== YOUR GOAL ==
Set down each line of the material that follows exactly, and leave its pictures out.

== THE DATA ==
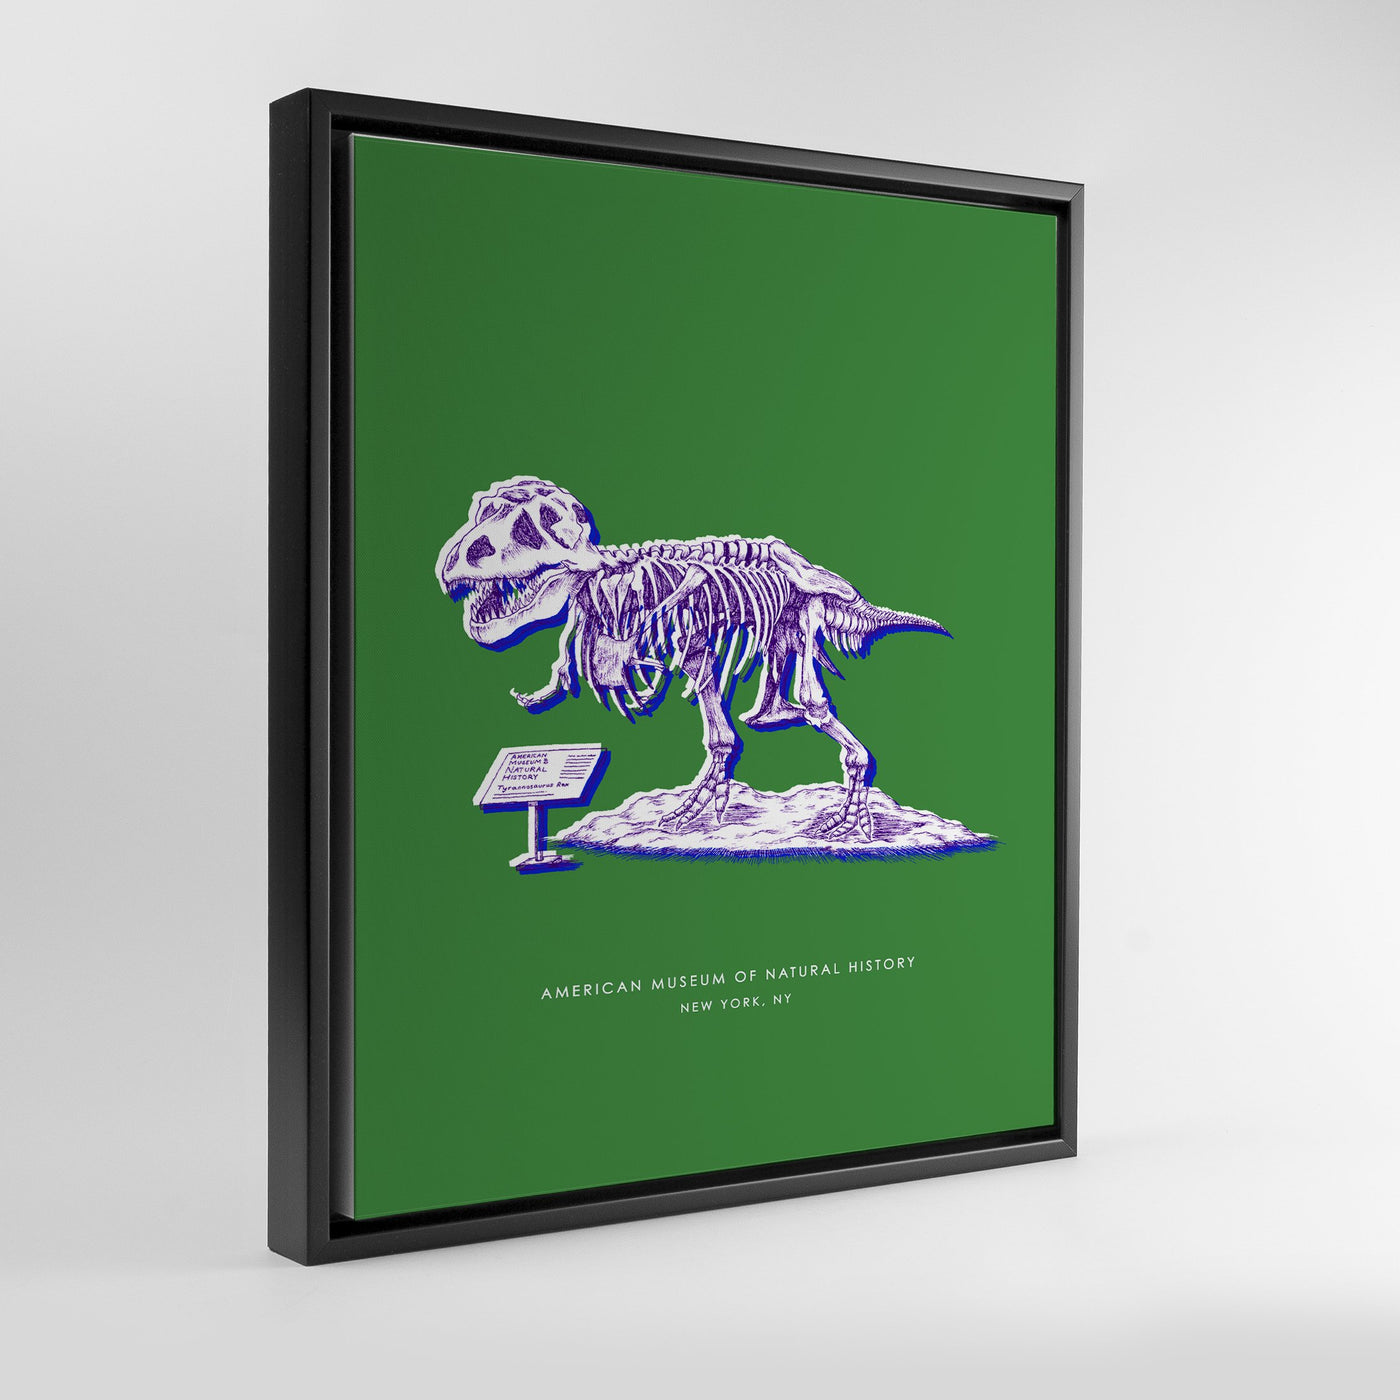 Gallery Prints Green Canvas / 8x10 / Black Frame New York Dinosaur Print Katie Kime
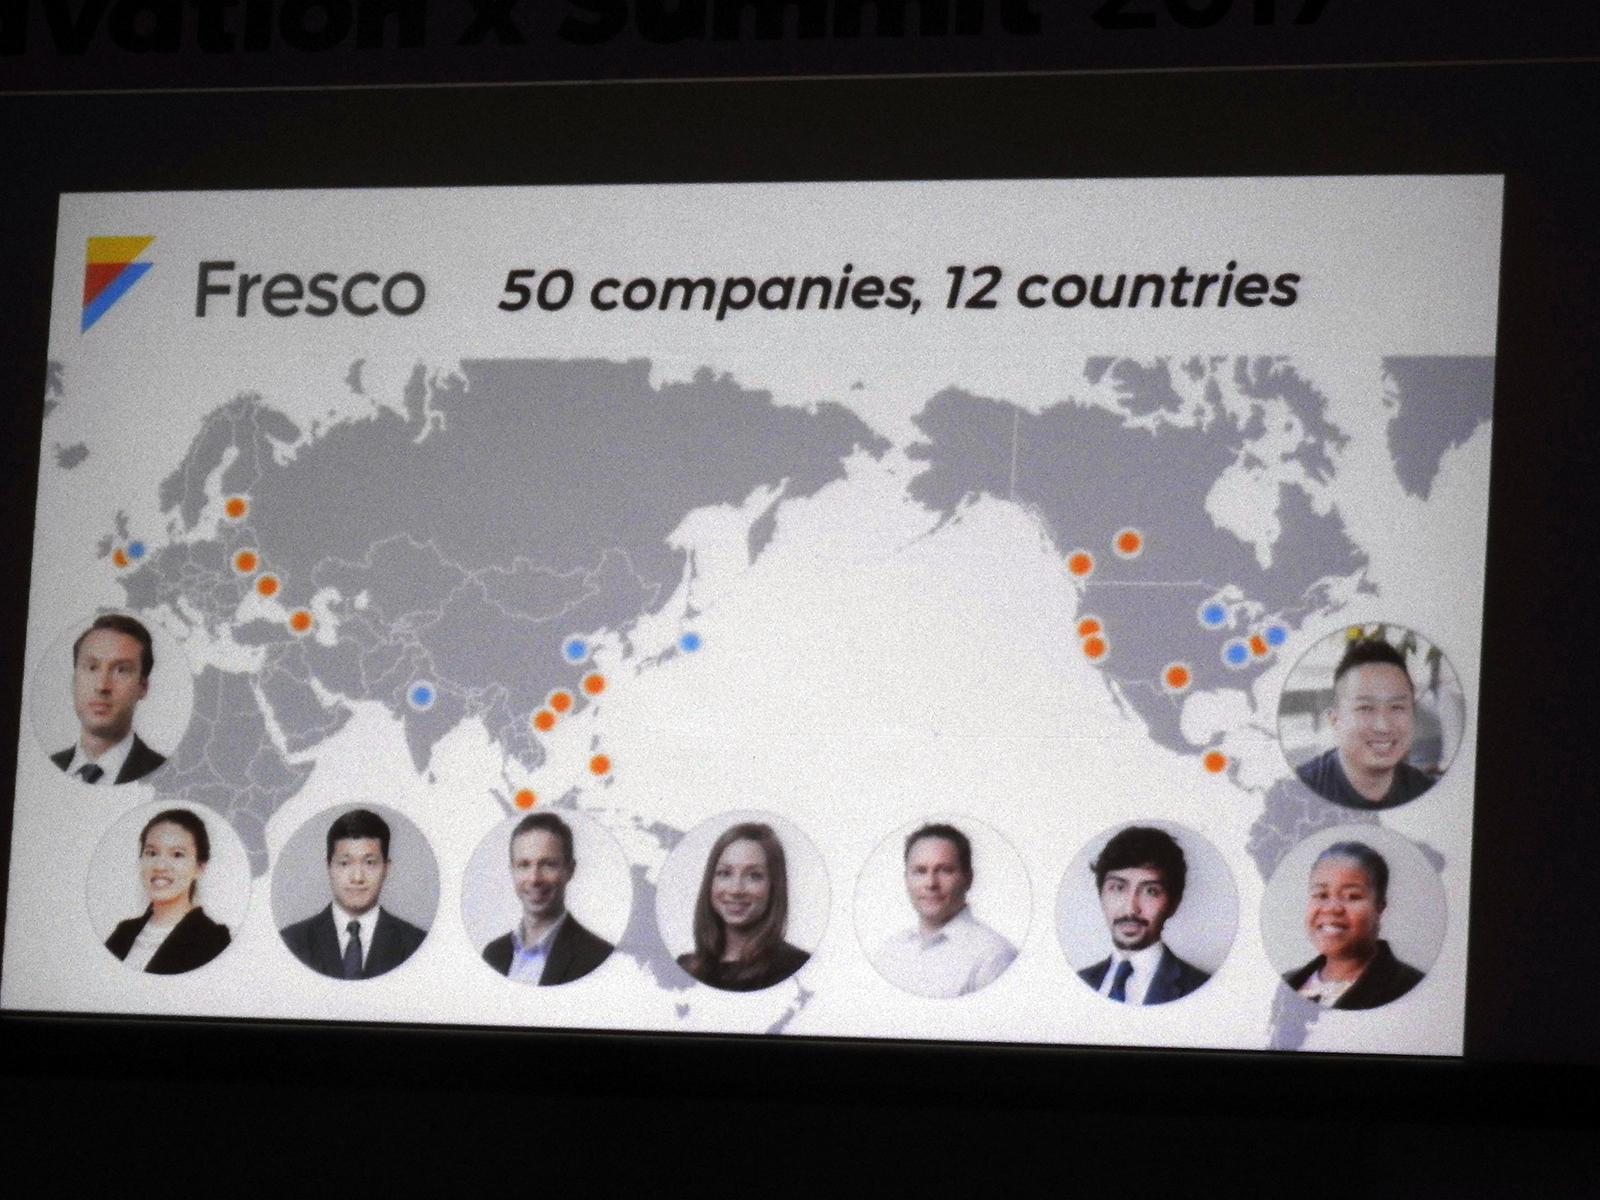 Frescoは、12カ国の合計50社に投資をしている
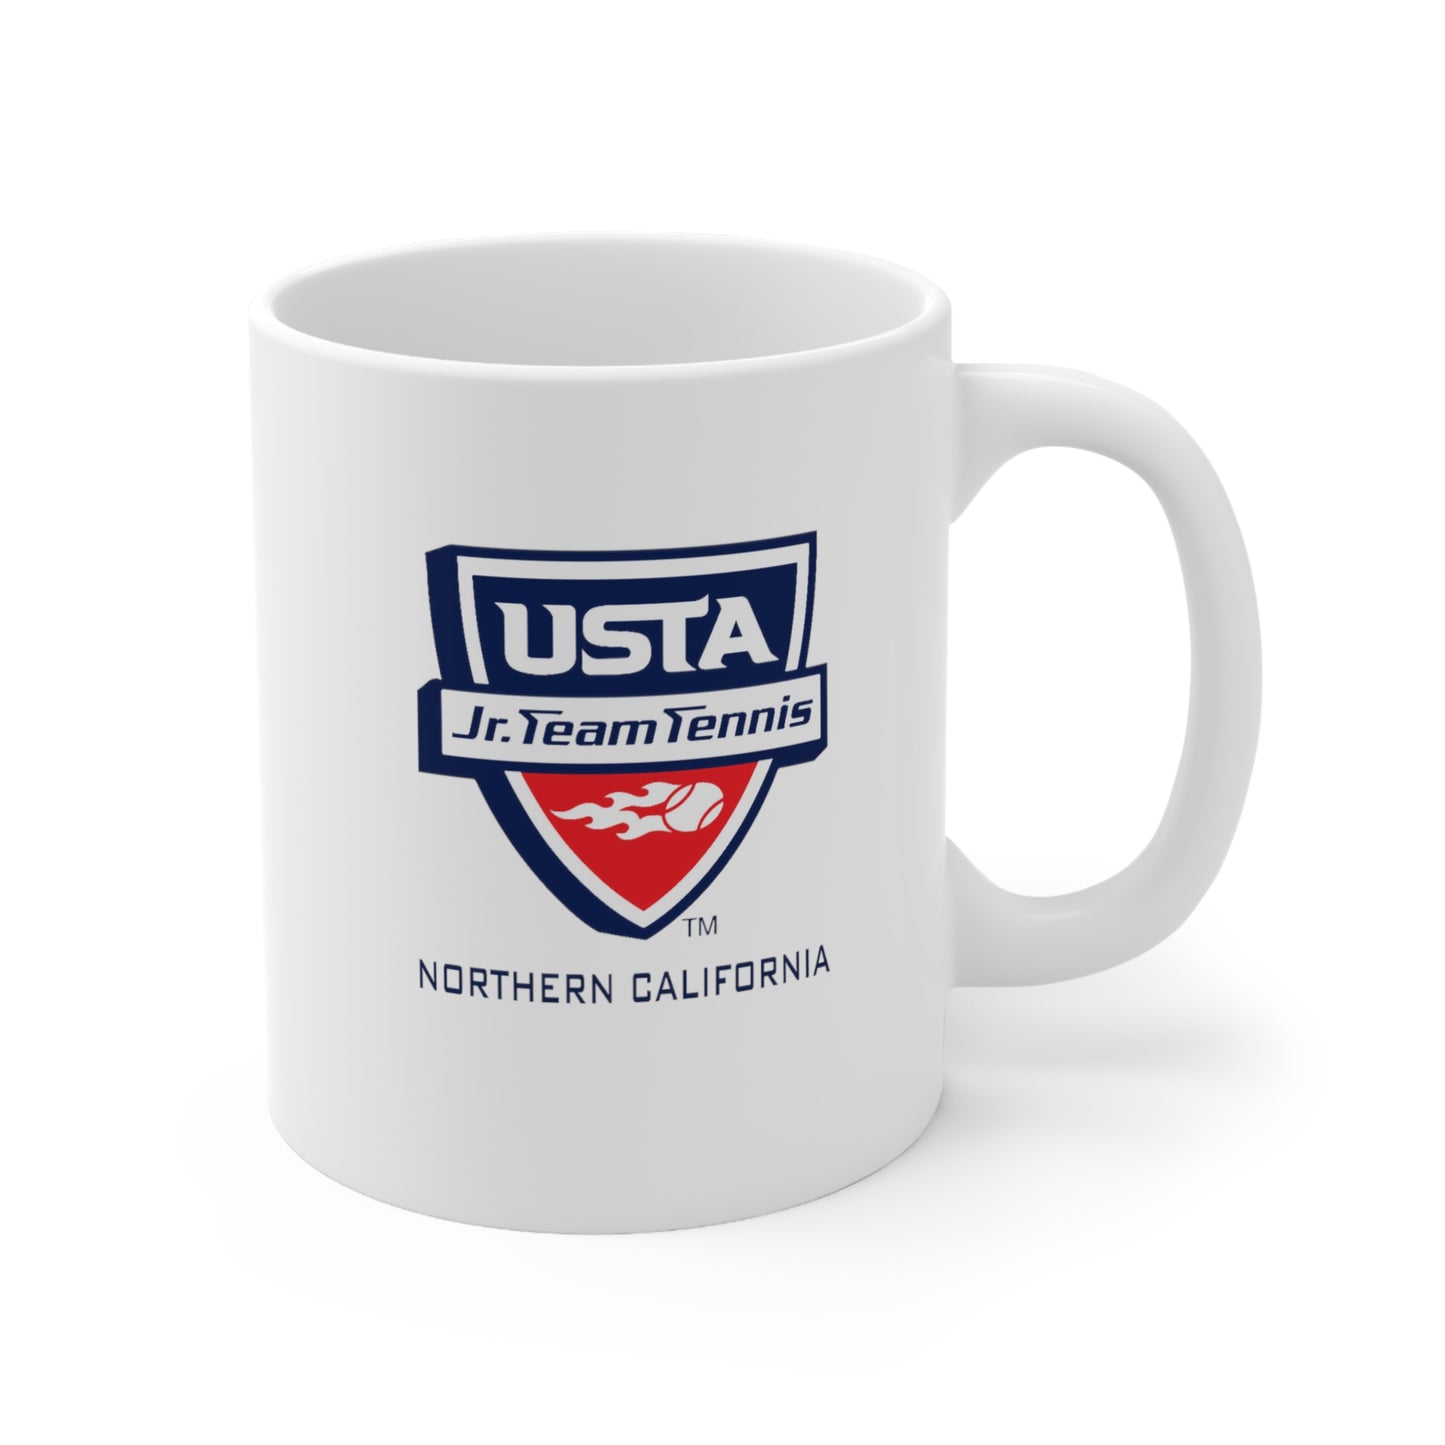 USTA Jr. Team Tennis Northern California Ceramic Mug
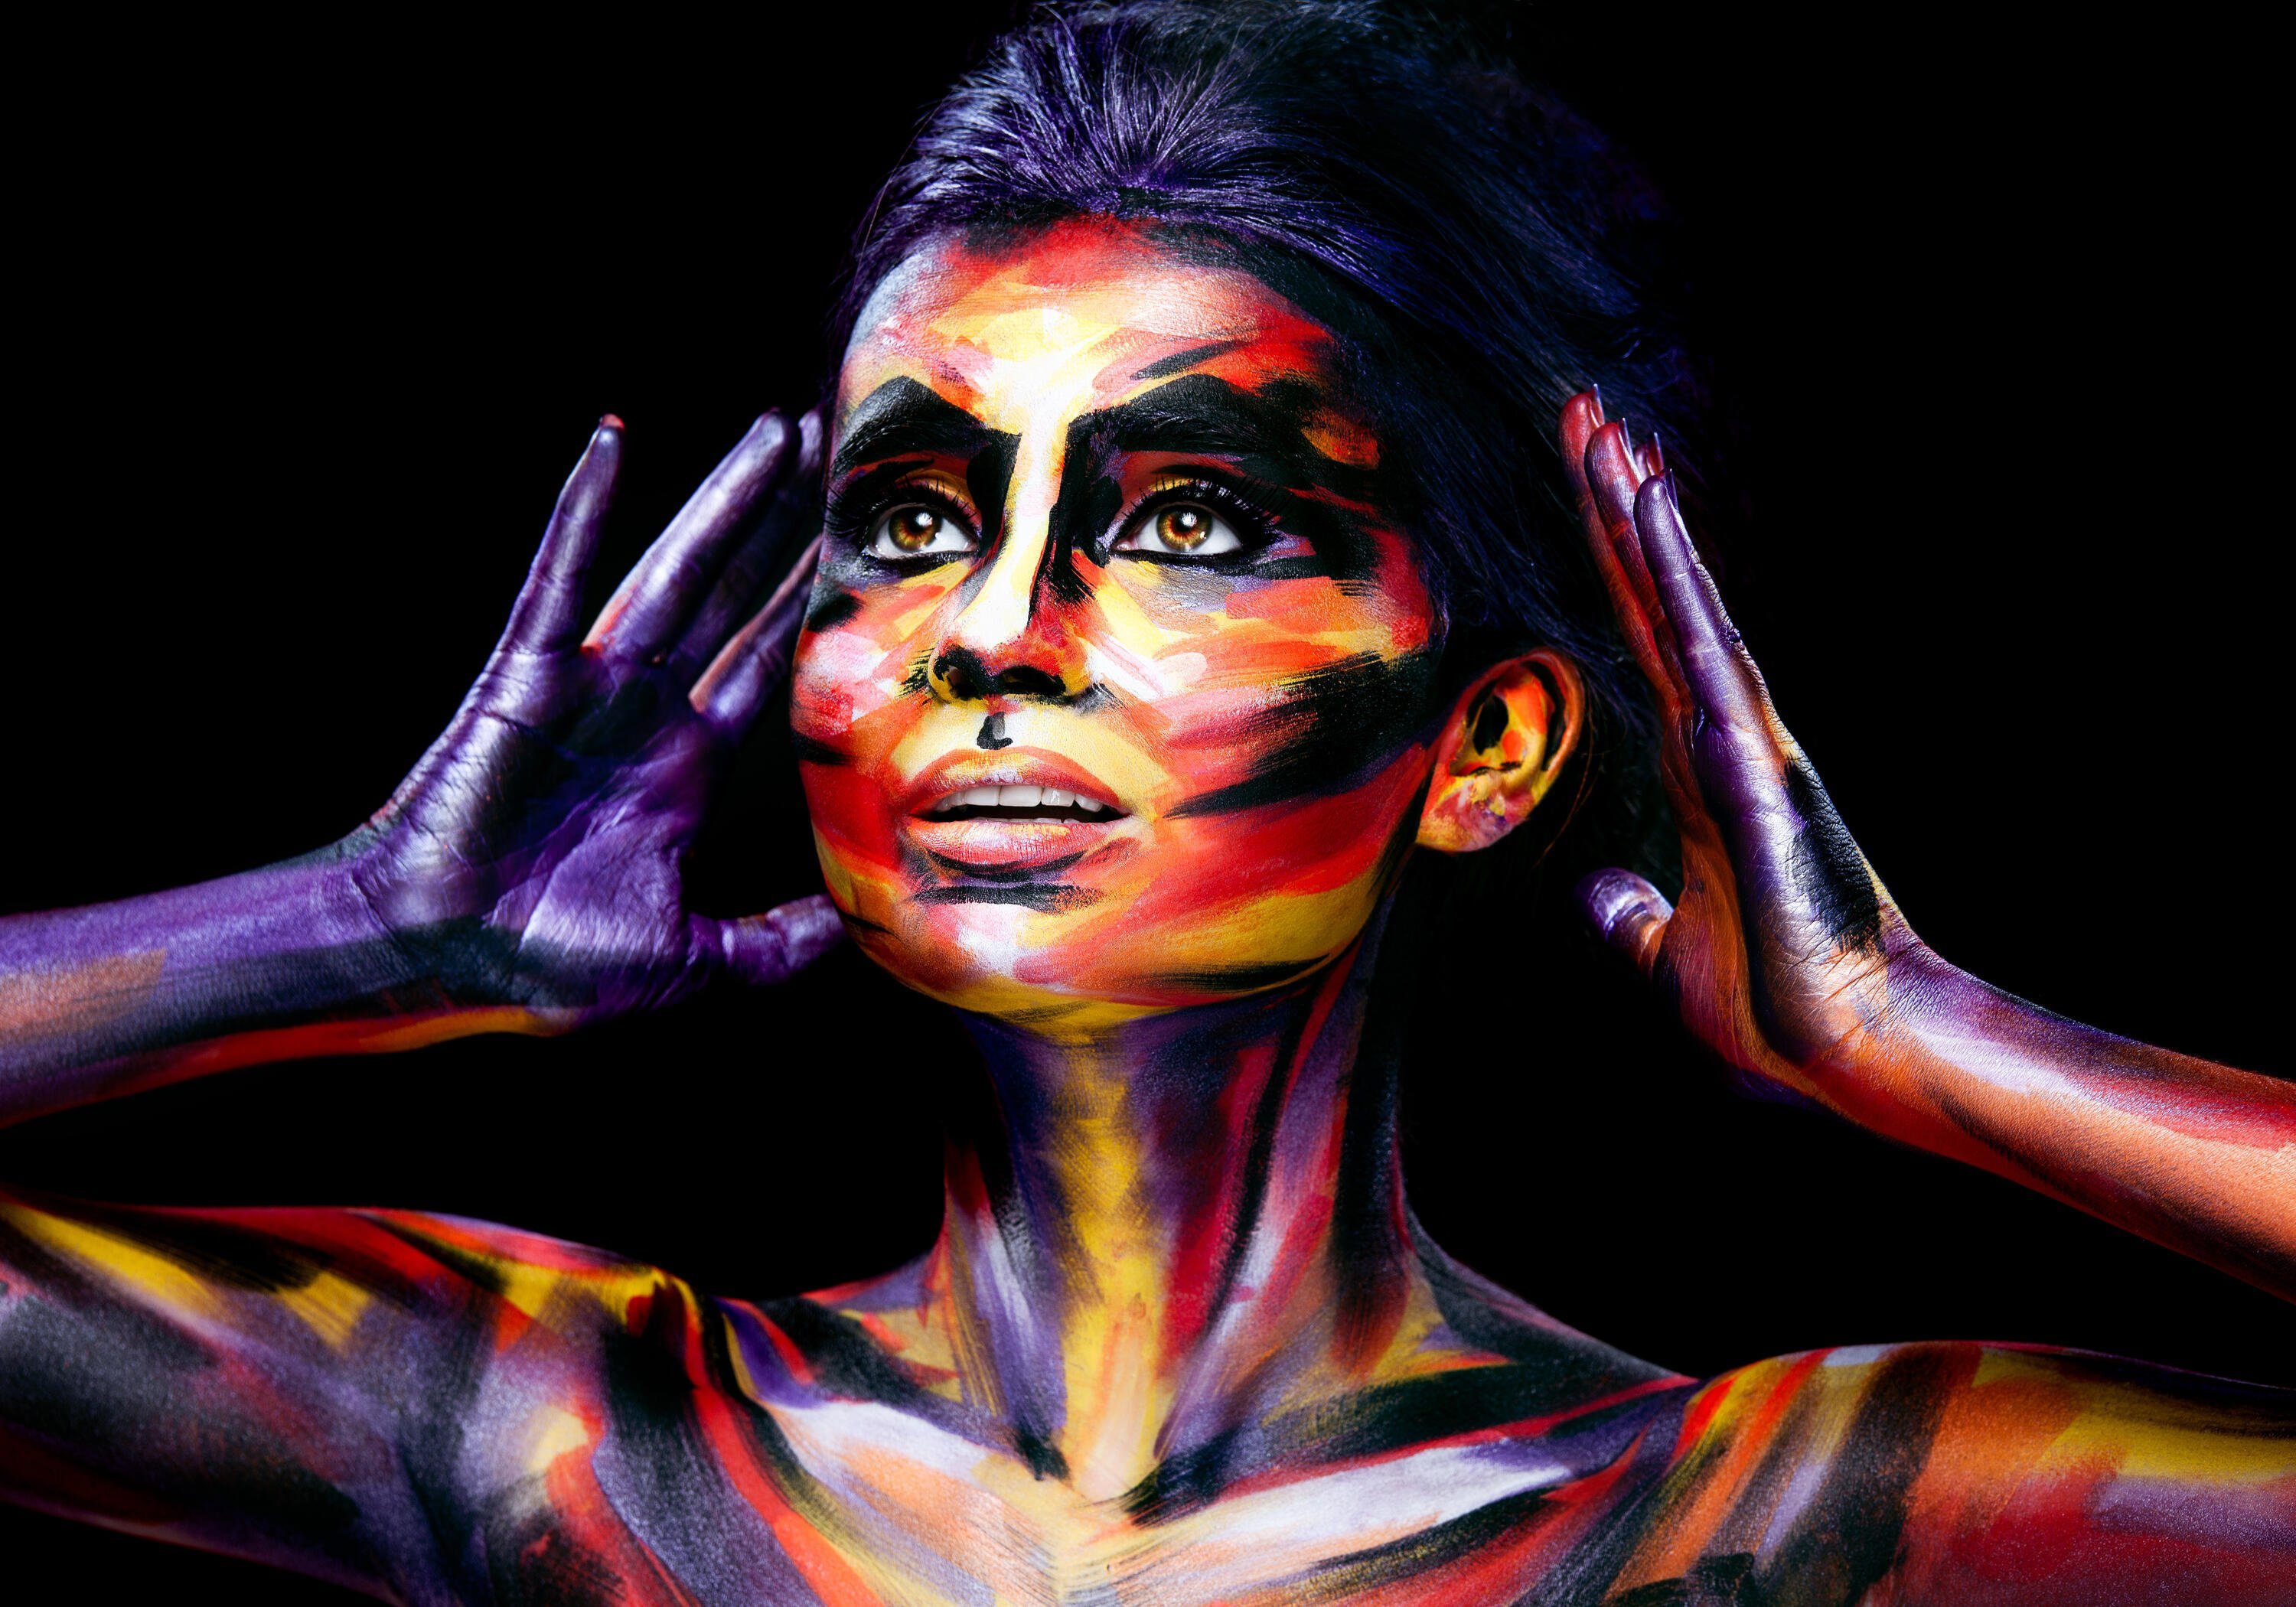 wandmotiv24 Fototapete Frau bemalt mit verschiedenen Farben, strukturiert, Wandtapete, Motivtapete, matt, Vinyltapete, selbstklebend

== RESPONSE TO THE TASK ==
 Gallery Prints Green Canvas / 8x10 / Black Frame New York Dinosaur Print Katie Kime
 Frescoは、12カ国の合計50社に投資をしている
 USTA Jr. Team Tennis Northern California Ceramic Mug
 wandmotiv24 Fototapete Frau bemalt mit verschiedenen Farben, strukturiert, Wandtapete, Motivtapete, matt, Vinyltapete, selbstklebend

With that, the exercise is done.